Lasarow bills himself online as an “investor, innovator, entrepreneur and campaigner”, but he has made his fortune in the field of genetics and specifically the development of hair alcohol testing. In 2013 he founded DNAFit, a company that sells DNA testing kits developed for nutritional and fitness purposes. In 2018, he sold it to Hong Kong company Prenetics for a reported $10 million, with Lasarow being appointed its CEO.

Whether Reform is a fan of hair alcohol testing is unclear: this week Farage hit out at new Green MP Hannah Spencer after she criticised the boozing culture in Parliament, accusing her of thinking “an afternoon pint is a step too far”.
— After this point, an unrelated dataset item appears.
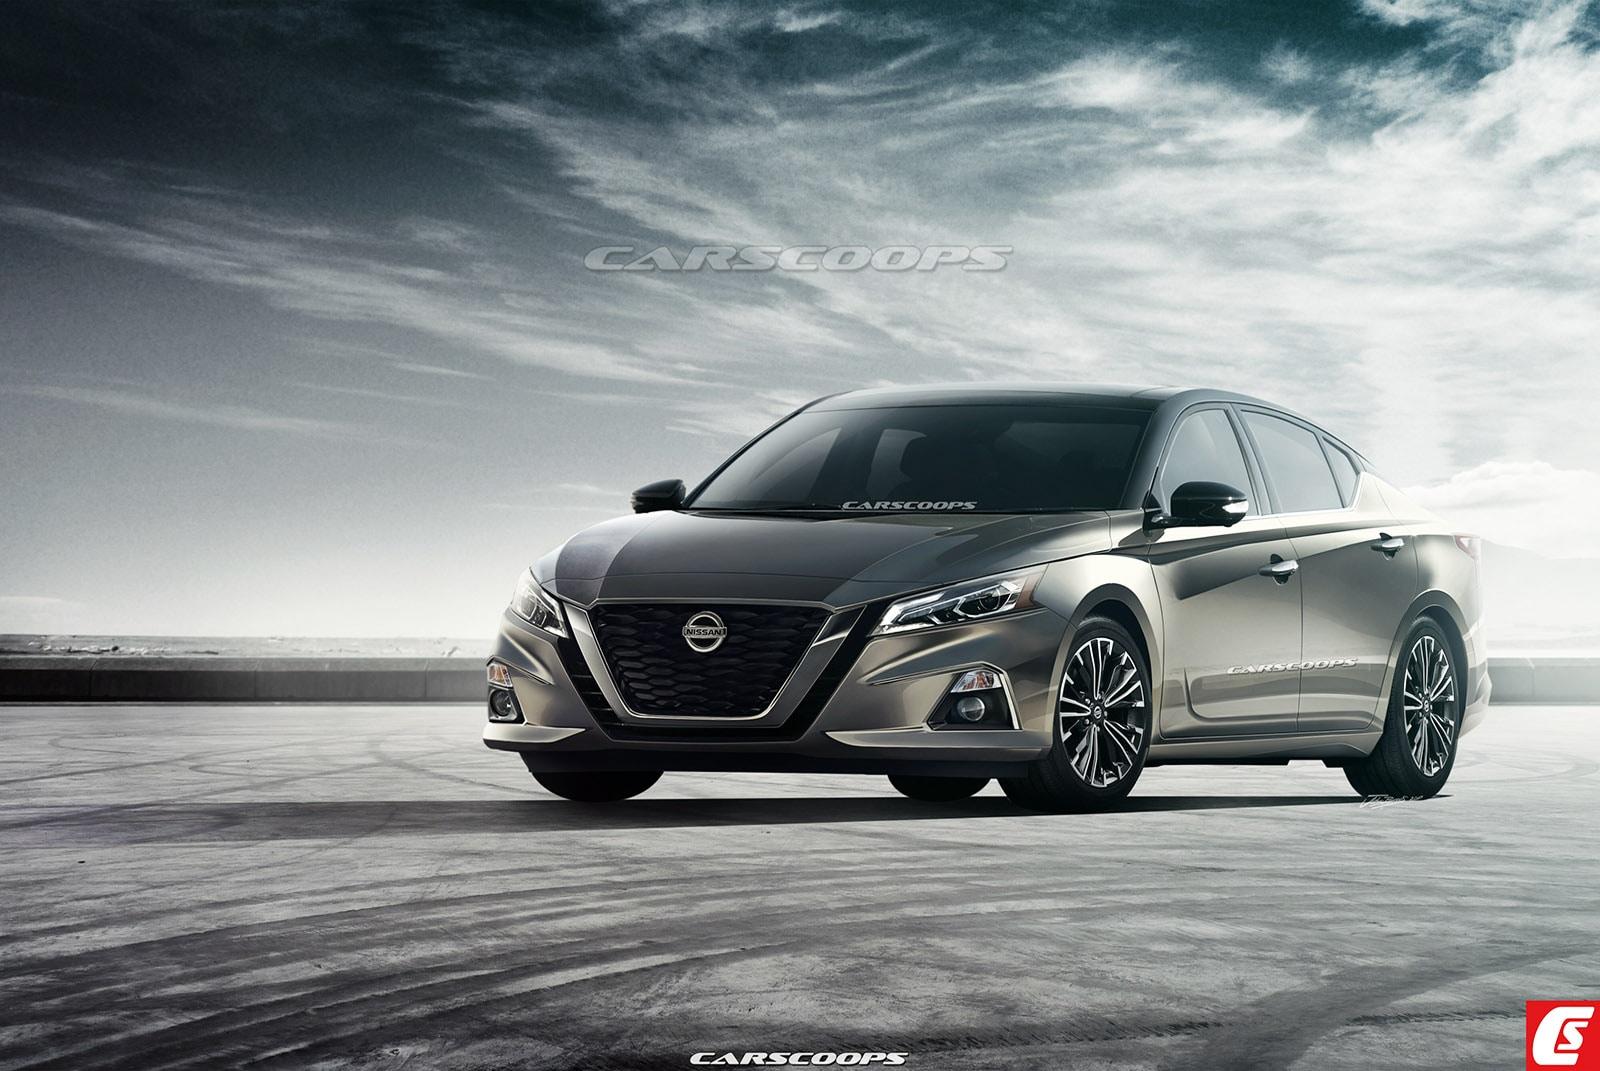 Nissan Altima 2019 Cars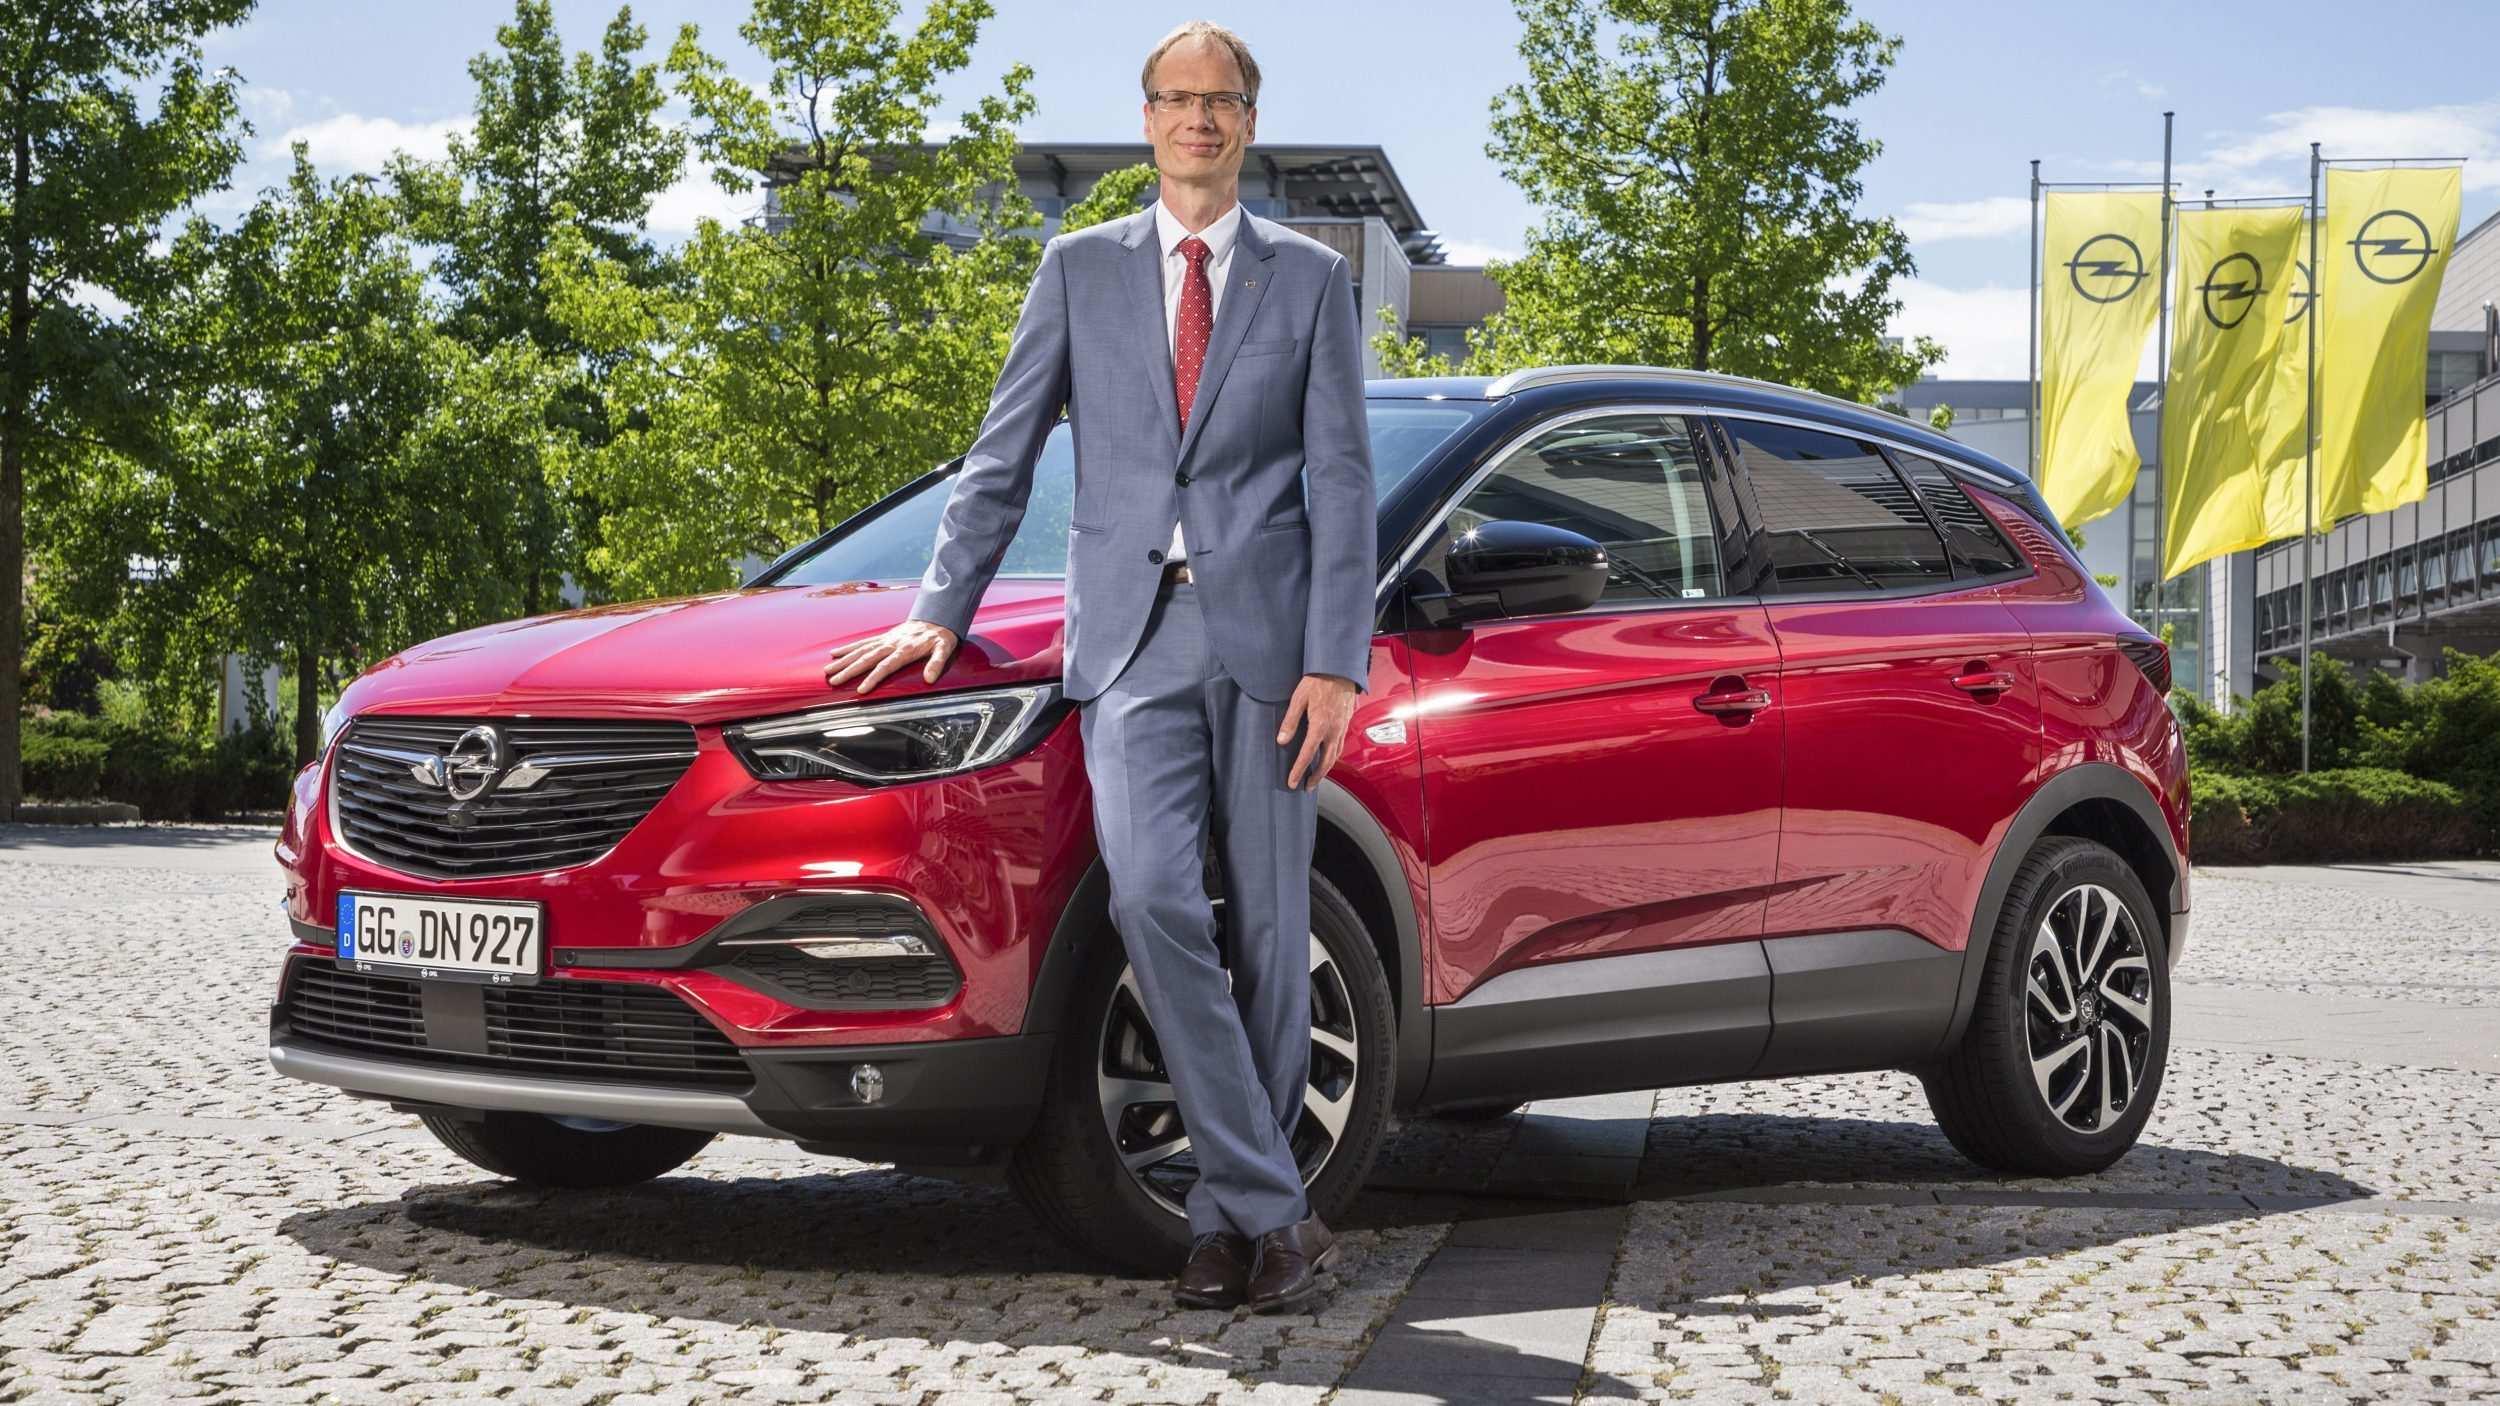 11 Concept of Neue Opel Bis 2020 New Concept for Neue Opel Bis 2020

Curiously, though, Lasarow appears yet to have donated any money to the party itself. He has four current and nine former directorships listed with Companies House, although only one, financial management firm V1AM, has so far filed accounts.

Meanwhile, the Reform leader himself has added yet more outside earnings to his bulging register of interests, declaring a further £40,662 for his presenting gigs with propaganda outlet GB News and an estimated £16,400 from The Club for Growth, a deep-pocketed pro-Trump organisation, for a speaking engagement in Washington. 

Perhaps Reform aren’t desperate for Lasarow’s cash – Farage’s latest outside earnings alone are 10 times more than Lasarow held in V1AM, the only one of the South African’s current businesses to have filed accounts.